There arose in our discussion various aspects of personal greed by ordinary people, also by postulated human beings, by chimpanzees, and by wild animals in general. A blog was quoted on wolverines-give-insight-into-the-evolution-of-greed, that I enjoyed because I was thinking about saying much the same thing. After a considerable portion of that blog was read, when my turn came, I modified my statements to a more human approach based on the recent experiments on profit and loss where it takes roughly twice as much profit to offset a measured quantity of loss.
Also, greed has a component of comparison to our companions and whether we have more of something than our companion does. It is a feature that is variable and dependent on the valued object being considered. If I have about the same amount of money, or power, or artistic accomplishment, or object of value as my companions I feel okay, but I get anxious if I have only half as much and I feel inferior, or if I have twice as much I feel superior.
However, if they are ten times better I am insignificant and out of the game. If I have ten times less of the quality being considered I will feel crummy, still human, but a very poor representative.

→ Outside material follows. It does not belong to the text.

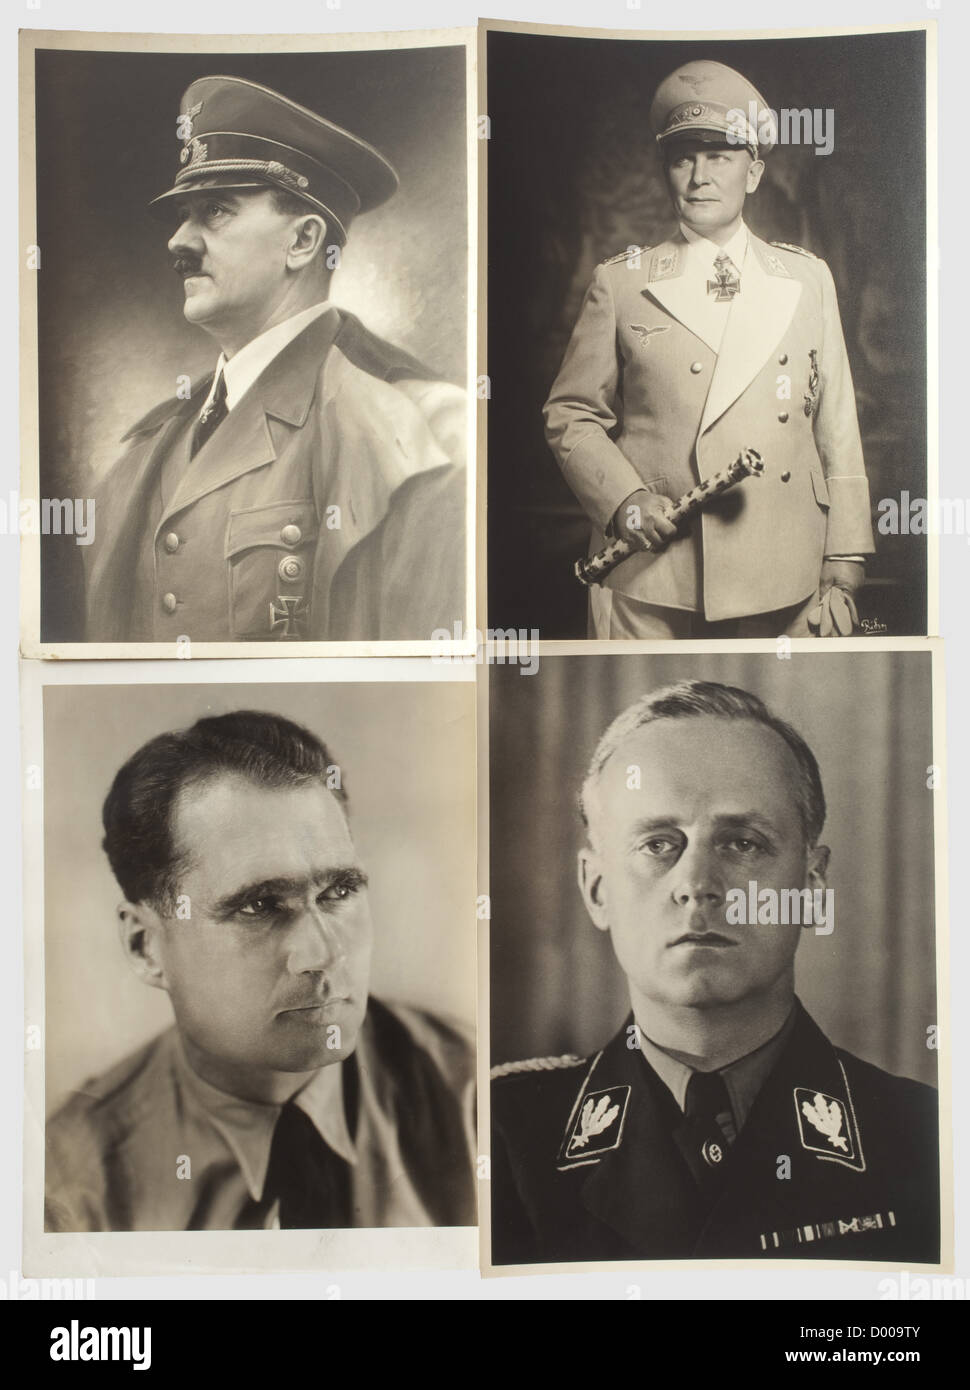 Collection of 36 large-size portrait photographs of leading members of the Nazi Party,Adolf Hitler: picture after a painting(24 x 17.5). Hermann Göring: 18 pictures in various sizes(2 in 40 x 30,5 in 30 x 24,7 in 24 x 18,1 in 21.5 x 16.5,3 in 18 x 13),mostly taken by Röhr or Hoffmann,also one early photo in hunting attire,as Reichsmarschall,in uniform as Reichsjägermeister(three pictures by Röhr),in SA uniform with PLM,partially stamped or identical copies. Rudolf Heß: a portra historic,historical,people,1930s,1930s,20th century,NS,National,Additional-Rights-Clearences-Not Available Stock Photo

Or, if I am ten times more possessing of the quality I will feel fantastic and probably start behaving arrogantly. When I have a thousand times more of the quality under consideration there isn’t even a game in play for me and it is like watching human-ants by the Greek gods and those creatures doing their personal things doesn’t concern me. Stoic philosophy deals with this nicely by stating up front that if you have no influence you can just ignore the whole thing and let things play out as they will. But the same can be said for having absolute influence because then it doesn’t matter either and the situation is boring.
To make my point more relevant to the group discussion of how to cope with personal greed, I said the goal is to be in a group where you have ten percent more of the quality than the average person you are trying to cope with. That is enough to have a buffer but not so much as to put you out of the ongoing human game. That brought scowls to the faces of some of the others.
The point of living is to have meaningful human interactions and that requires dealing with near equals but having something of value to offer.